RECORDED INFORMATION:
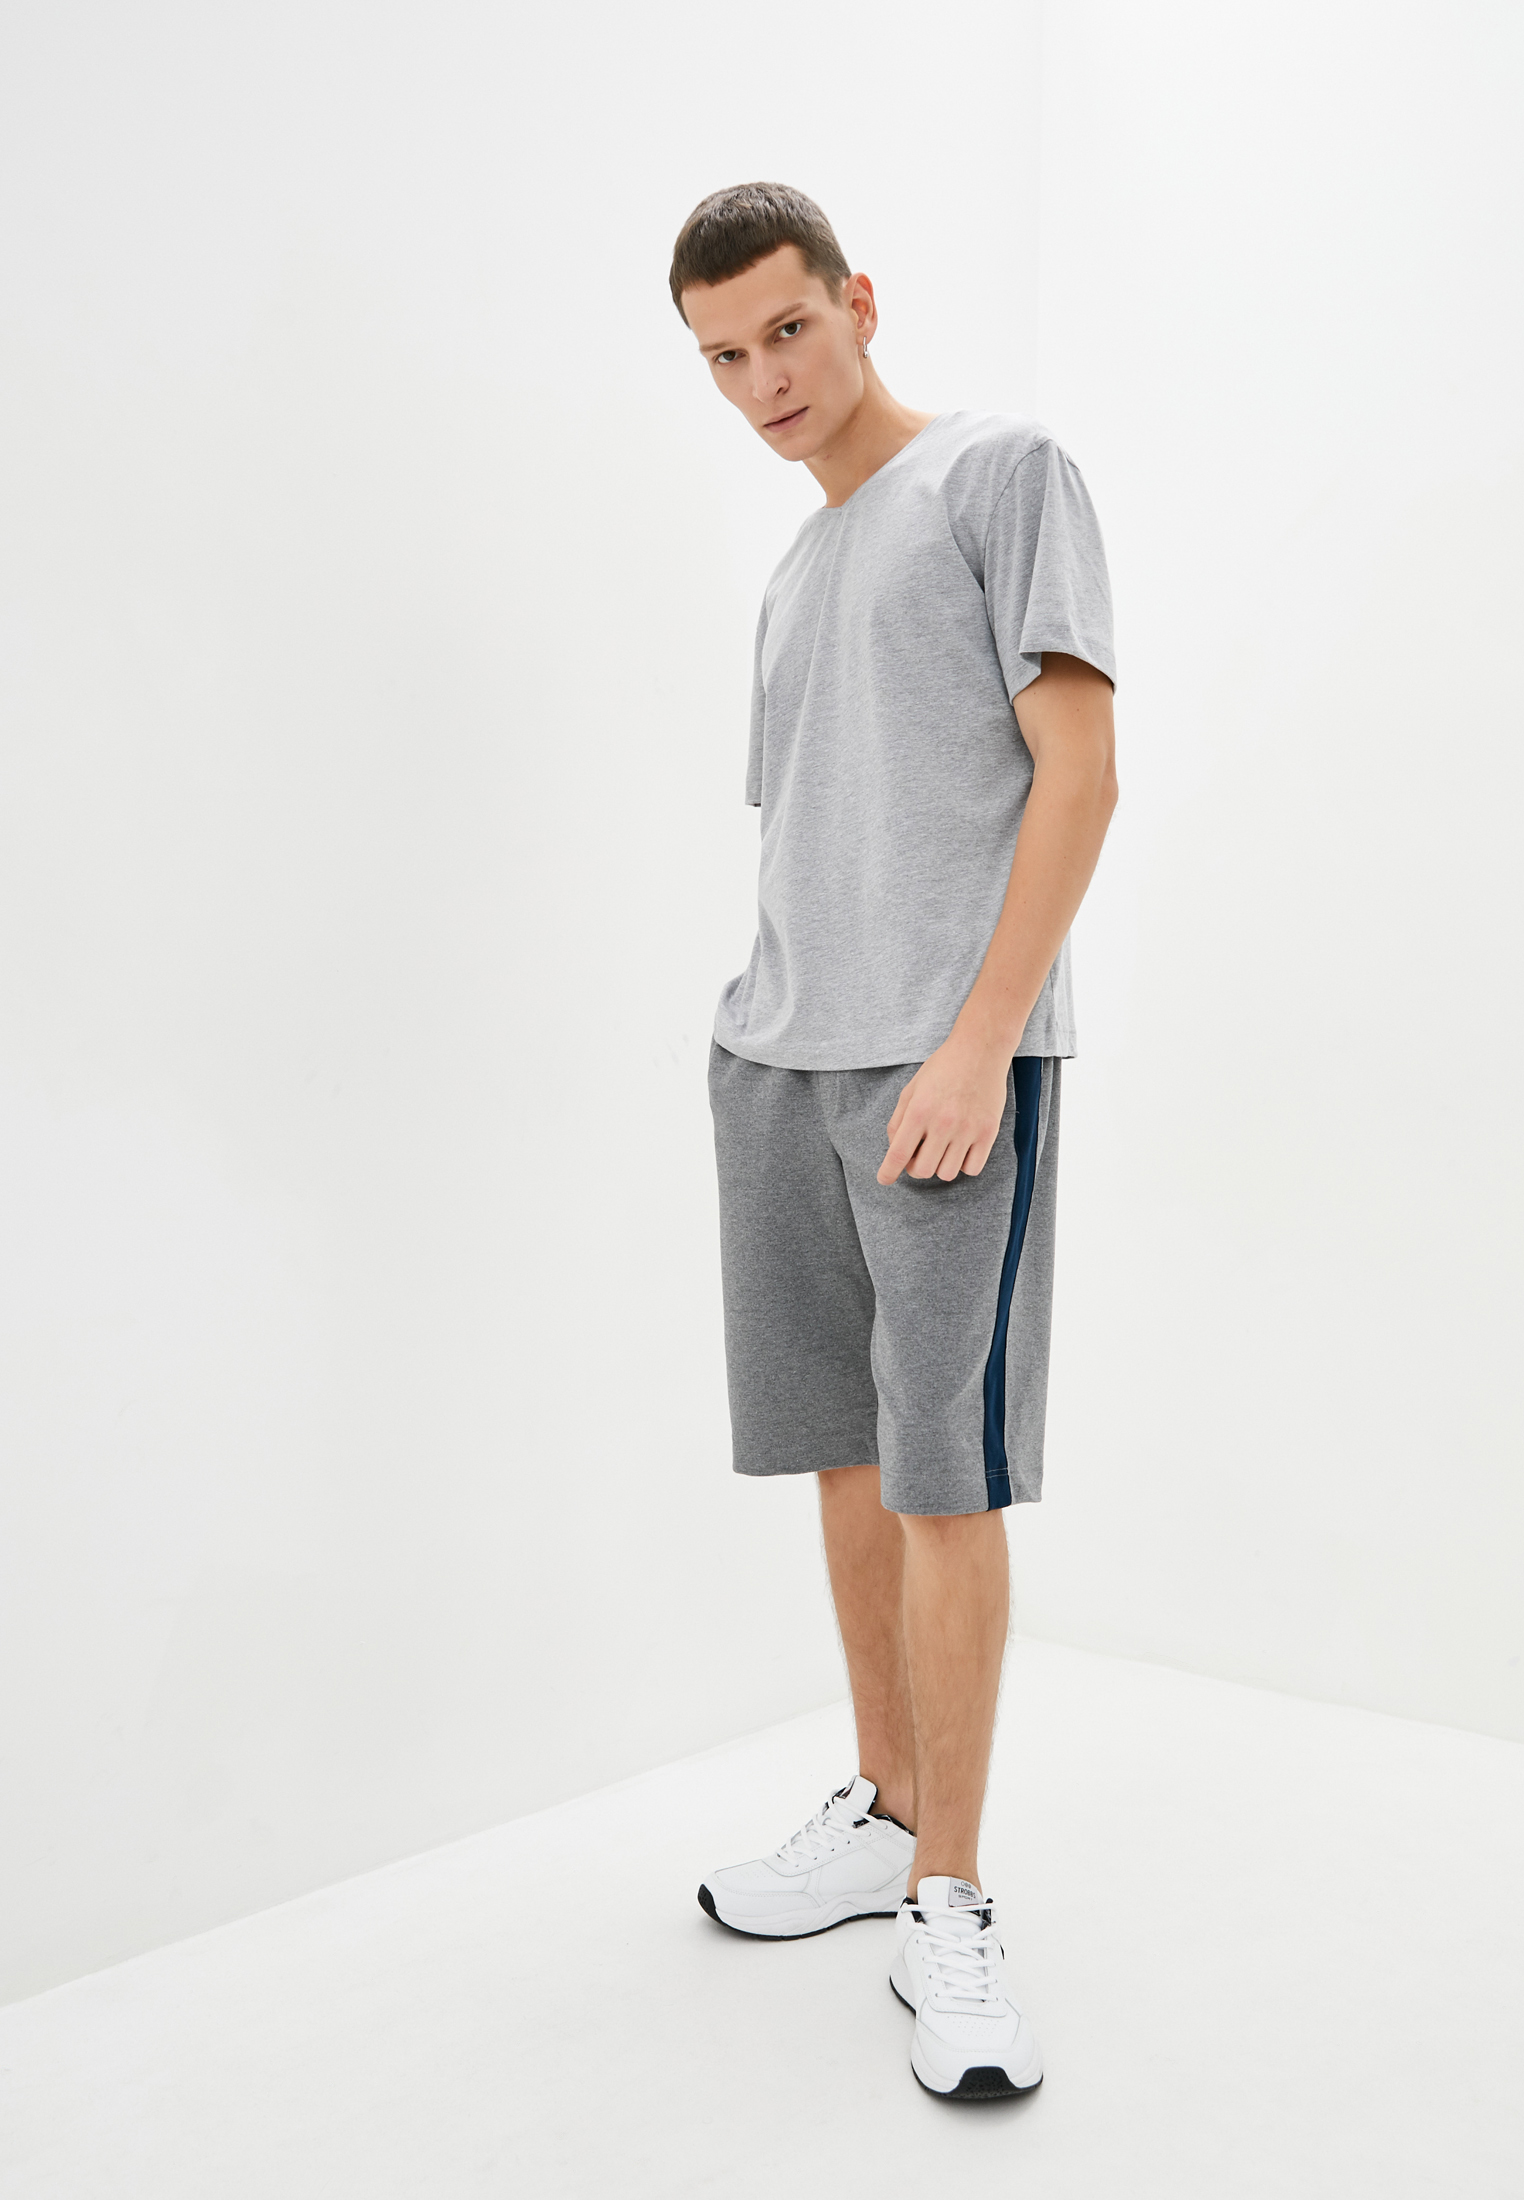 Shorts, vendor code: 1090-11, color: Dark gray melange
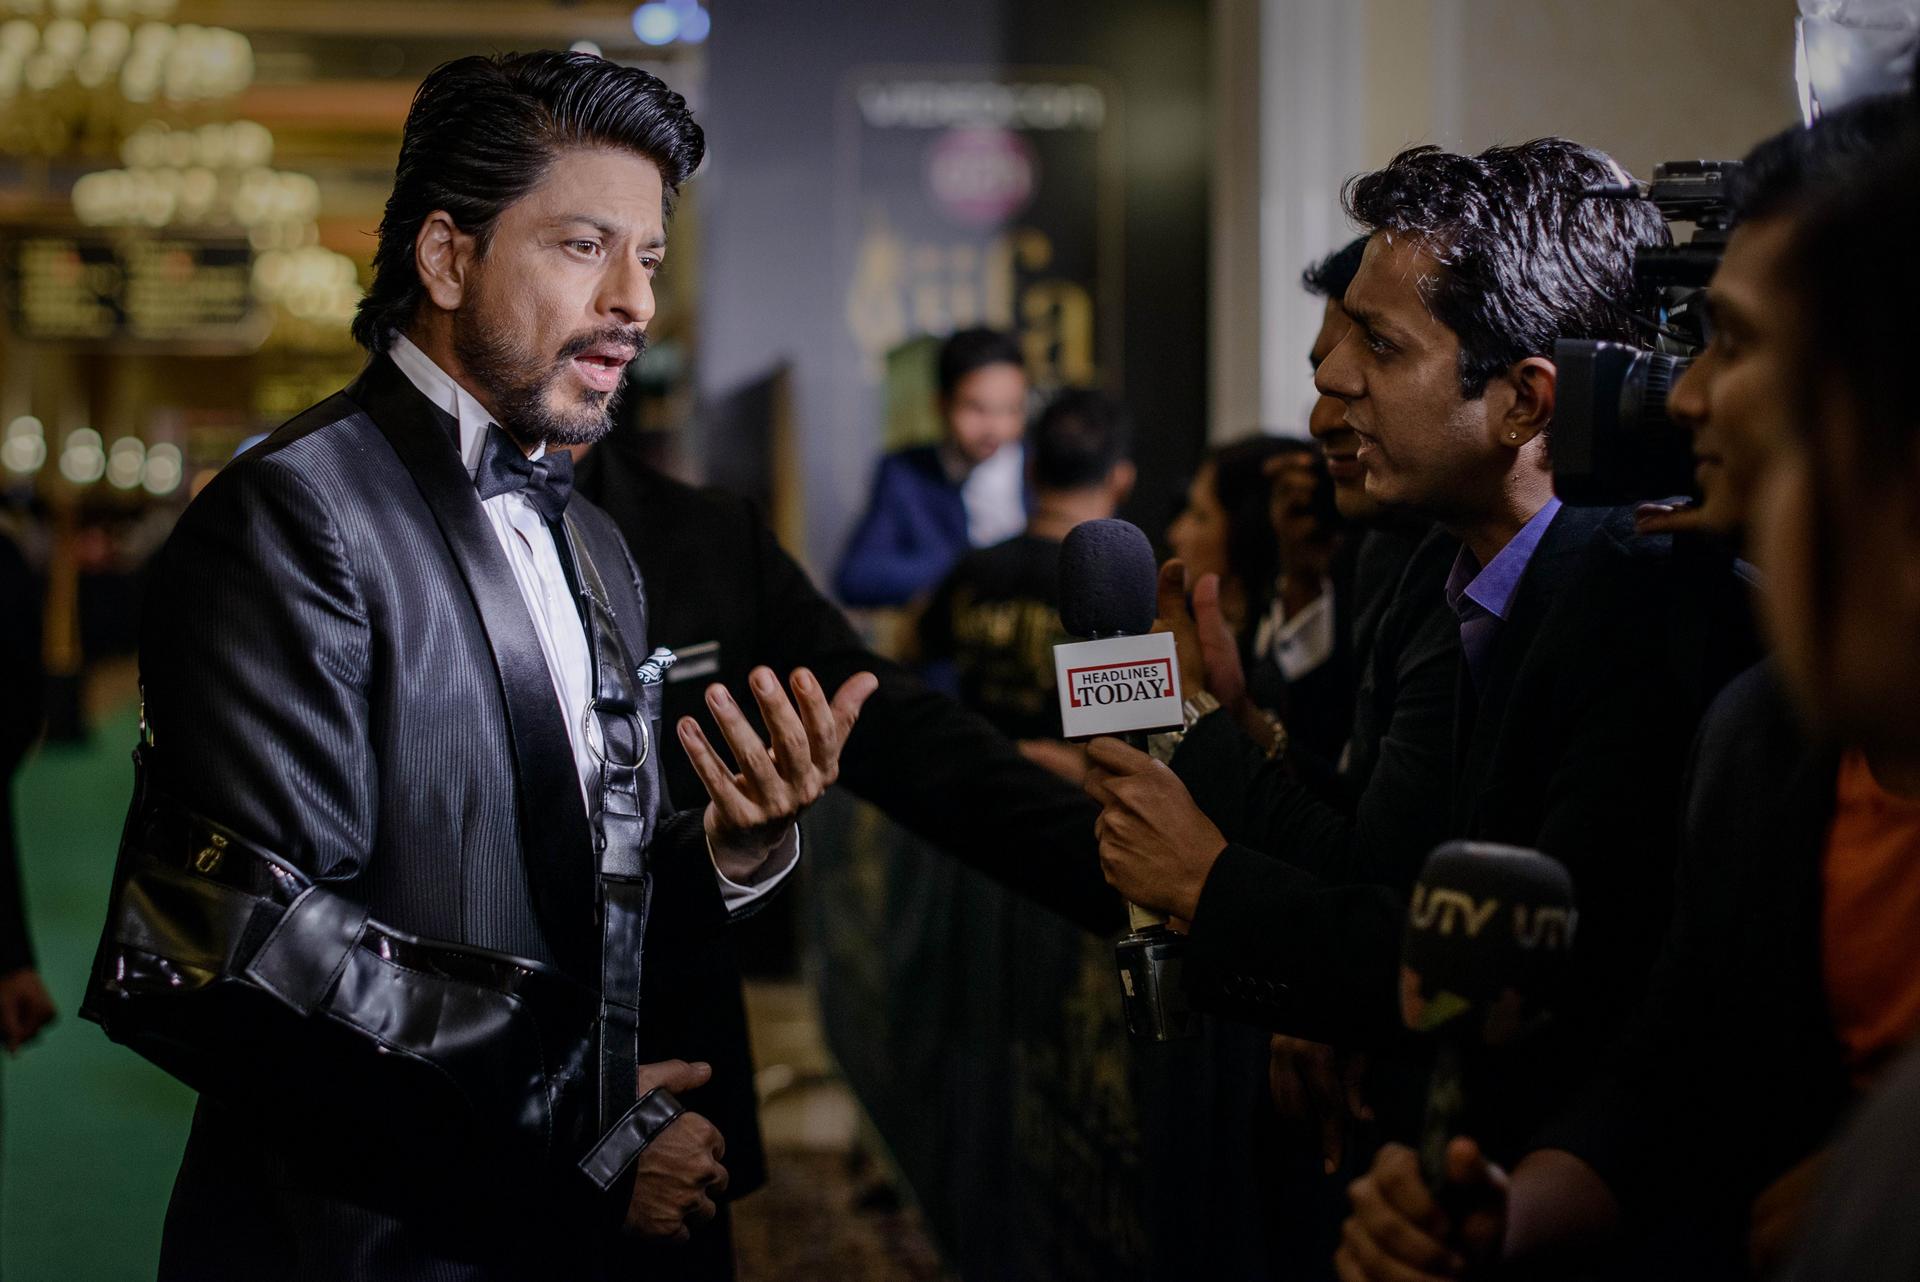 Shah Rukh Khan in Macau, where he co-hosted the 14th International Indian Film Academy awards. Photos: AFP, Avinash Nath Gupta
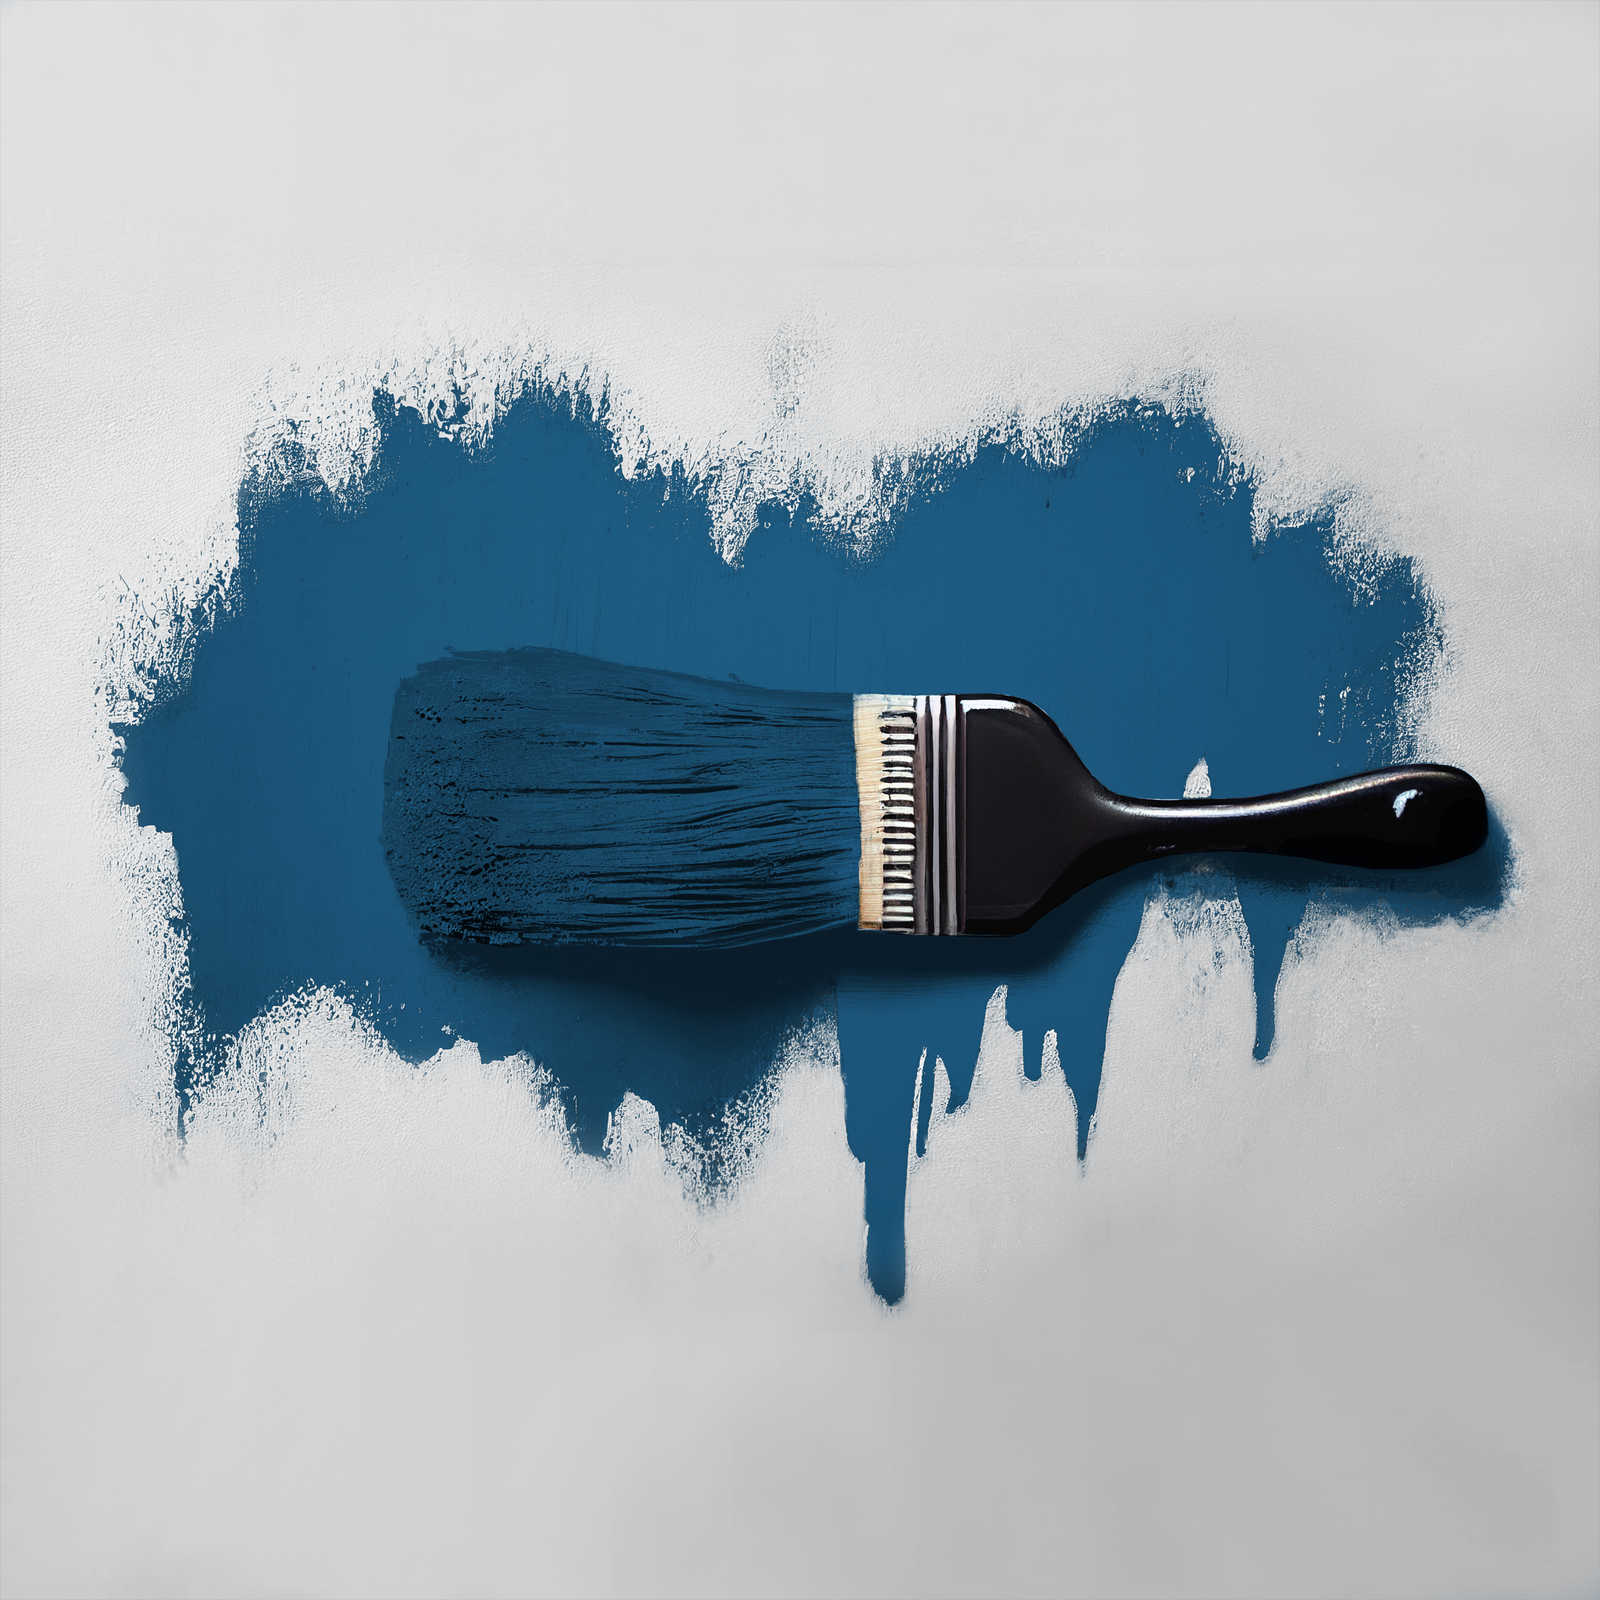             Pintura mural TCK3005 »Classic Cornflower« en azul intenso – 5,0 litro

WORK REQUEST:
The answer is the run of lines from the one with "Shah Rukh Khan" through the final line of the data, copied exactly, and nothing else; no pictures.

COMPLETED EXERCISE:
 Shah Rukh Khan in Macau, where he co-hosted the 14th International Indian Film Academy awards. Photos: AFP, Avinash Nath Gupta
             Pintura mural TCK3005 »Classic Cornflower« en azul intenso – 5,0 litro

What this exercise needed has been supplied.